Delphine, pouvez-vous nous raconter vos premières années à Singapour ?
Après 4 années à travailler dans un cabinet qui réalisait essentiellement des bureaux, j’ai eu envie de voler de mes propres ailes. Je fais un métier qui se nourrit d’expériences et je ne voulais pas être cantonnée au design de bureaux. En 2002, j’ai ouvert ma propre compagnie, avec un associé qui sortait de la même école. Nous rêvions de recréer à Singapour un Concept store à la parisienne. Nous avons ouvert nos bureaux – d’apres nous - dans une shophouse qui servait de showroom. Nous offrions nos services d’architectes d’intérieur. Nous désignions et réalisions toute une gamme de meubles, ainsi que des meubles sur mesure. Et nous distribuions des belles marques françaises pour la maison (Sabre, Garnier Thiebaut…).

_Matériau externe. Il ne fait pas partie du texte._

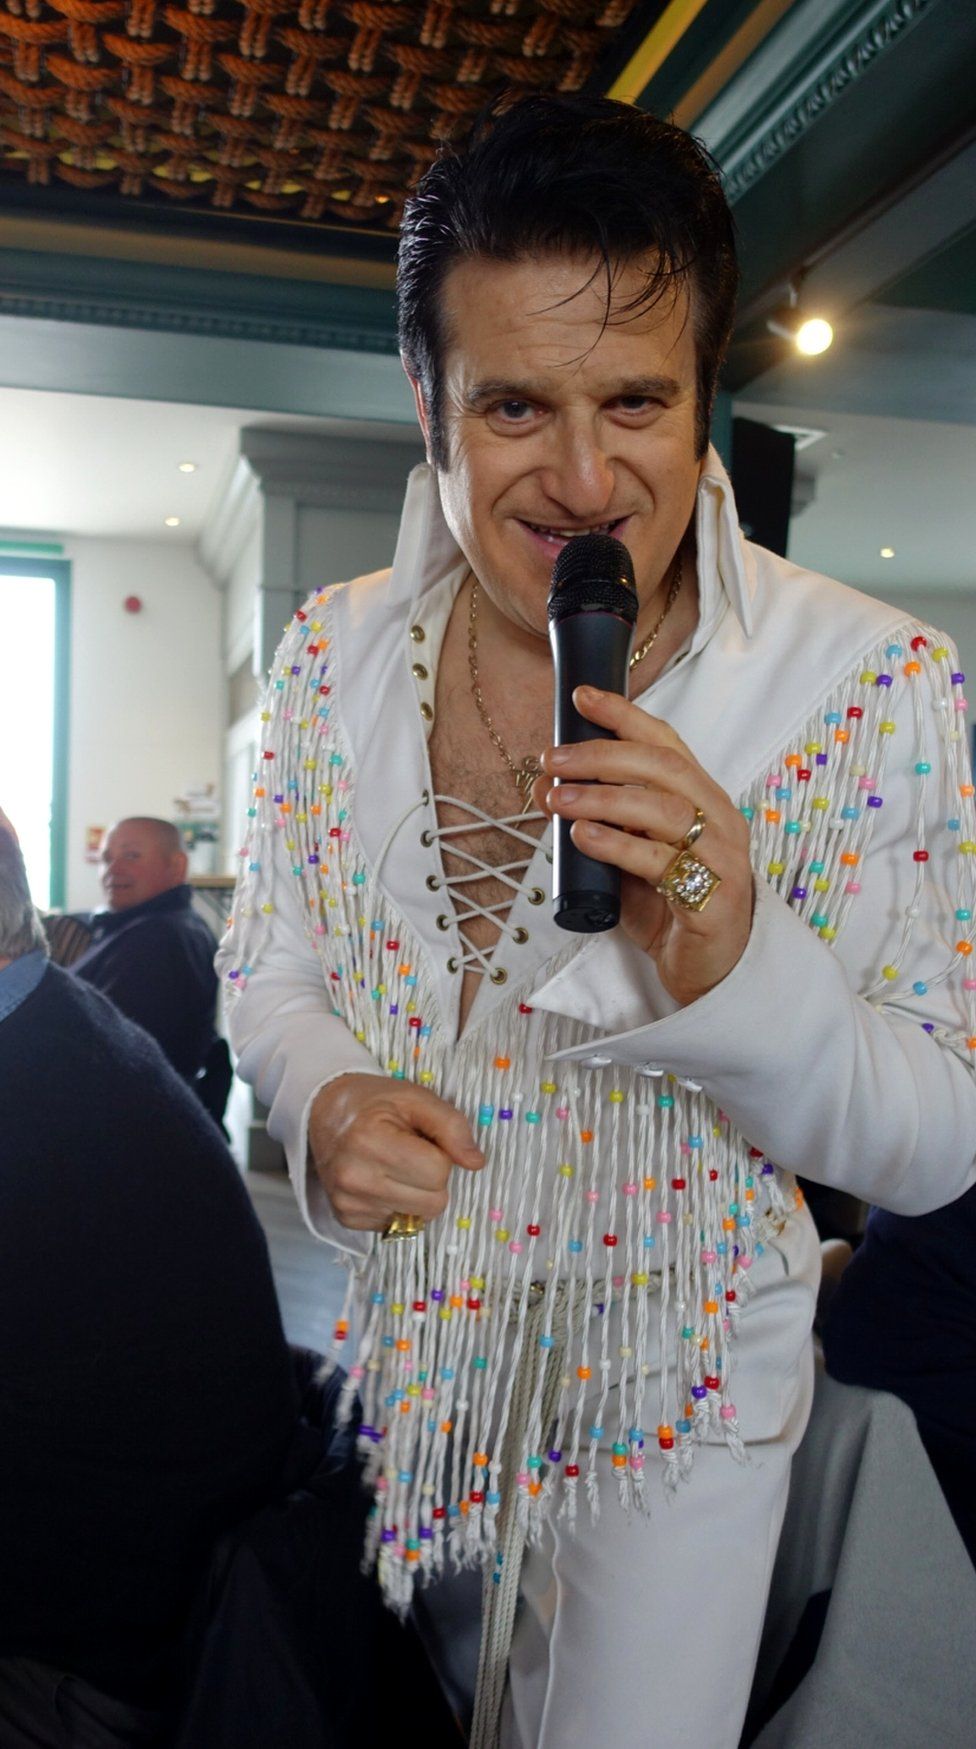 An Elvis impersonator dressed in frills holding a microphone to his lips

Nous n’avions juste pas réalisé que Singapour n’était pas encore prête pour cela ! Après une 1ère année difficile, Nicolas, mon associé a eu l’opportunité de travailler pour Chanel. Je suis restée seule jusqu’en 2007, jusqu’au moment, où avec Guillaume, un ancien collègue, nous avons décidé de joindre nos forces. Nous avons renommé la compagnie d’apres nous D&B pour « Design & Built ». J’ai séparé les 2 activités : Service et Boutique. J’ai finalement fermé cette dernière en 2009.
La société telle qu’elle existe aujourd’hui réalise des projets clés-en-main, incluant design et travaux, et s’est développée au fil des années. Nous avons aujourd’hui un très beau portefeuille de clients, allant des bureaux, aux hôtels, F&B et résidentiel.
Quels souvenirs gardez-vous de Singapour lors de votre arrivée ? Quels sont les évènements qui vous ont le plus marqués ?
A mon arrivée à Singapour, je suis restée bouche bée devant la végétation luxuriante le long de la route. Par contre, j’ai été déçue d’arriver sur une île, où l’on n’avait aucune connexion avec la mer.
Le décès de Lee Kuan Yew en 2015, m’a énormément touchée. J’ai été frappée par cette ferveur populaire, qui était le reflet de la grandeur de l’homme. Le Tsunami en 2004 nous a également marqués, son impact sur toute la région, ainsi que les mouvements de solidarité qu’il aura fait naitre. Heureusement, il y a aussi eu des évènements plus joyeux, comme la construction d’Esplanade en 2002, qui a ouvert Singapour à la scène artistique internationale.
Quels ont été les challenges professionnels et personnels auxquels vous avez dû faire face ?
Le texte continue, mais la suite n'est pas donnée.